Now would be the time to do it … to tell him. Now, Alice!

But instead I pull away and start shoving kirby grips in my hair. I’m not going to bother with mascara. I shrug at myself in the mirror.

‘She’s a remarkable patient, but to be honest, it’s still just work, that’s all,’ I lie. I kiss David again, tell him not to worry and by 6.15 a.m. I’m in the car and driving too fast down the quiet, still-dark roads towards Cassie.

Lizzie was on night shift last night with a bank nurse. She hands me a cup of coffee. She’s so young the night doesn’t show on her face at all. I look and feel like the living dead after a night shift.

‘Mr Sharma said you’d be in soon, so I thought you’d want one.’

I thank her. ‘Have you heard, Lizzie?’

‘Mr Sharma told me,’ she says, nodding. ‘I’ve just been reading the websites. Other newspapers are starting to pick up on it, the Daily Mail and the Sun …’ The exhaustion might not show on her face, but her voice is clipped; she sounds startled.

I nod, take a sip of burning coffee.

‘You know, there’ll probably be reporters around the hospital for a few days so we’ll need to be extra careful, especially with visitors, OK? If anyone asks you anything you just say—’

‘No comment?’ she interrupts me. ‘Just like on telly.’

I nod. ‘Just like on telly.’

As I start making my way towards the nurses’ room, Lizzie asks, ‘Has anything like this happened before?’

I think for a moment. ‘There was a guy, a couple of years ago, an old seventies drummer who gave himself brain damage after a massive drink-and-drug binge. The local press got hold of that one. The poor receptionist actually drew a reporter a map to the ward.’ Lizzie’s eyes widen, as I add, ‘The receptionist was fired.’

I knock on Sharma’s door and it takes him a moment to answer.

‘Intrare!’

His ear is glued to his desk phone. ‘Incredible.’ He shakes his head at the receiver, holding it towards me.

I hear a distant, tiny voice from a recorded message.

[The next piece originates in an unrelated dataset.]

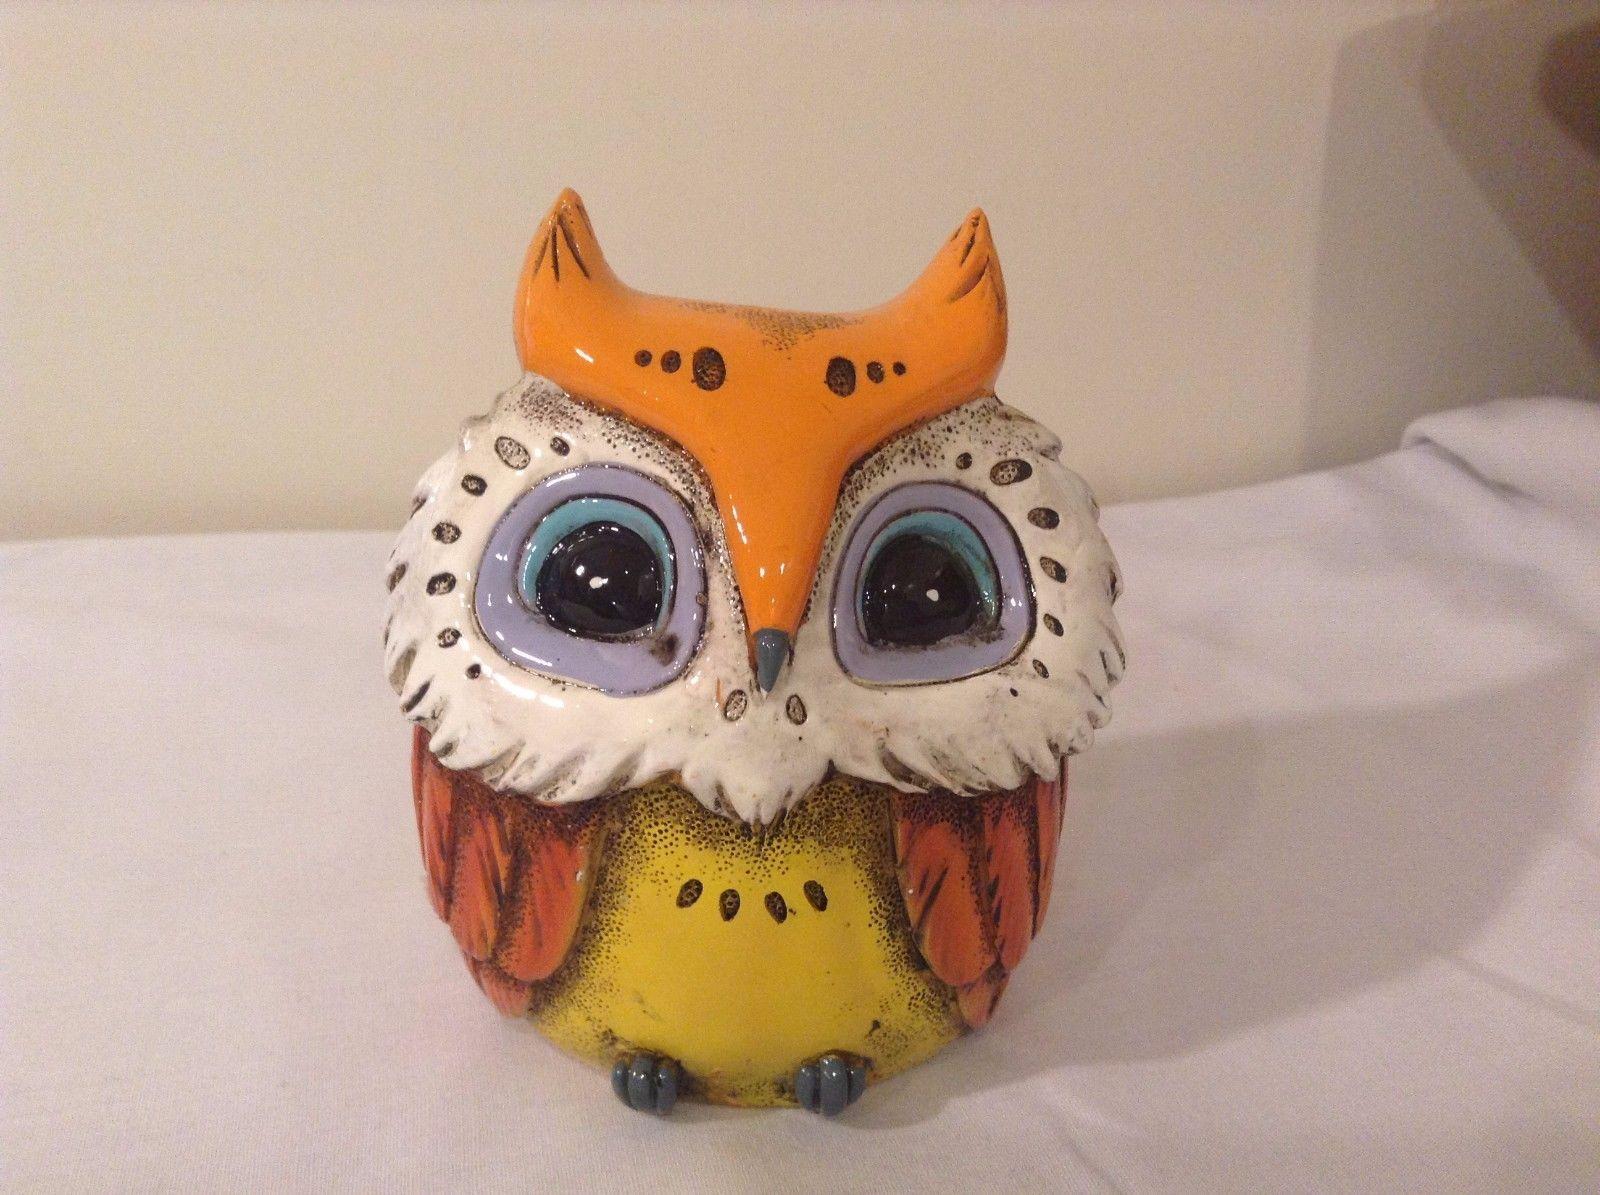 Orange Piggy Bank Owl New Original Packaging

He points at the receiver. ‘The Trust’s Head of Communications still clearly has no idea what’s going on.’ Sharma replaces the phone with a sigh and another shake of his head. ‘And I still haven’t got hold of the head of security.’ He looks up at me with a quick smile; a spark, excitement, animates his face.

‘How do you think it got out?’

We’re interrupted by an uncertain, quiet knock at the door.

Sharma isn’t interested in what I was saying. He calls, ‘Intrare!’, again, and Lizzie’s full, young face appears.